Festyn Rodzinny "Spokrewnieni z Miłosierdziem" odbył się w parafii pw. Podwyższenia Krzyża Świętego w Brzegu. Pomysł, który zrodził się w ubiegłym roku, tym razem zaowocował całodniowym wspólnym świętowaniem tajemnicy Bożego Miłosierdzia.
Regularnie oddaję krew. Dziś mamy szczególne święto; można ofiarować z siebie coś więcej – mówił pan Łukasz, który oddał cenny płyn w specjalnym autobusie stojącym pod kościołem na pl. Zamkowym w Brzegu.
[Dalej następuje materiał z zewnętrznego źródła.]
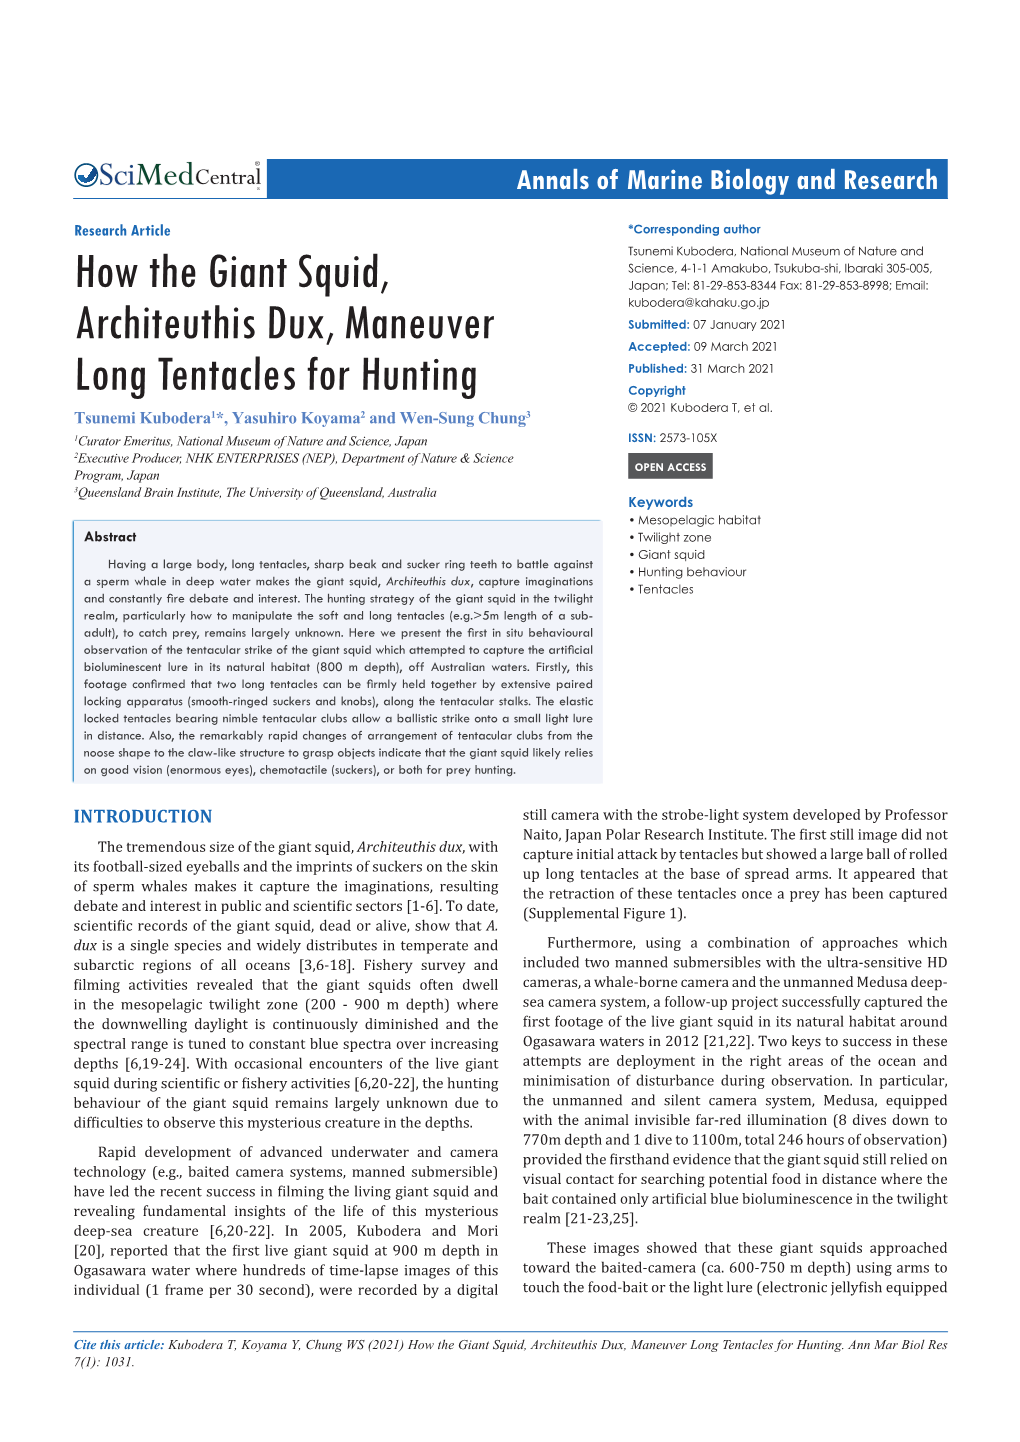 How the Giant Squid, Architeuthis Dux, Maneuver Long Tentacles for Hunting

Akcja krwiodawstwa w Niedzielę Miłosierdzia Bożego jest organizowana po raz drugi. – Stąd wywodzi się nazwa festynu, „Spokrewnieni z Miłosierdziem” – mówi ks. Jan Inglot, wikary, opiekun parafialnej grupy Stowarzyszenie Apostołów Bożego Miłosierdzia Faustinum. – Dziś wpatrujemy się szczególnie w Chrystusa Miłosiernego, w Jego serce, z którego wypływają krew i woda. Nawiązujemy do tego obrazu. To fundament naszej akcji. Nie każdy jednak może zostać krwiodawcą, stąd pomysł na zorganizowanie festynu z wieloma propozycjami dla całych rodzin.
Zdjęcia:
Przed wejściem do kościoła powstała kawiarenka, w której były ciasto, kawa i herbata. Można było oddać krew oraz zmierzyć poziom cukru we krwi. Po południu, po modlitwie w Godzinie Miłosierdzia i Koronce do Miłosierdzia Bożego (z muzycznym udziałem zespołu „Solidaris Brass”), na swoje stoiska zapraszali między innymi policjanci, ratownicy medyczni, panie ze Stowarzyszenia Rozwoju Jankowic Wielkich (serwowały placuszki serowo-ziemniaczane). Nie zabrakło kiełbasek i popcornu. Wystąpiły między innymi zespoły „Leśne echo” i „Solidaris Brass”, a także raper Arci.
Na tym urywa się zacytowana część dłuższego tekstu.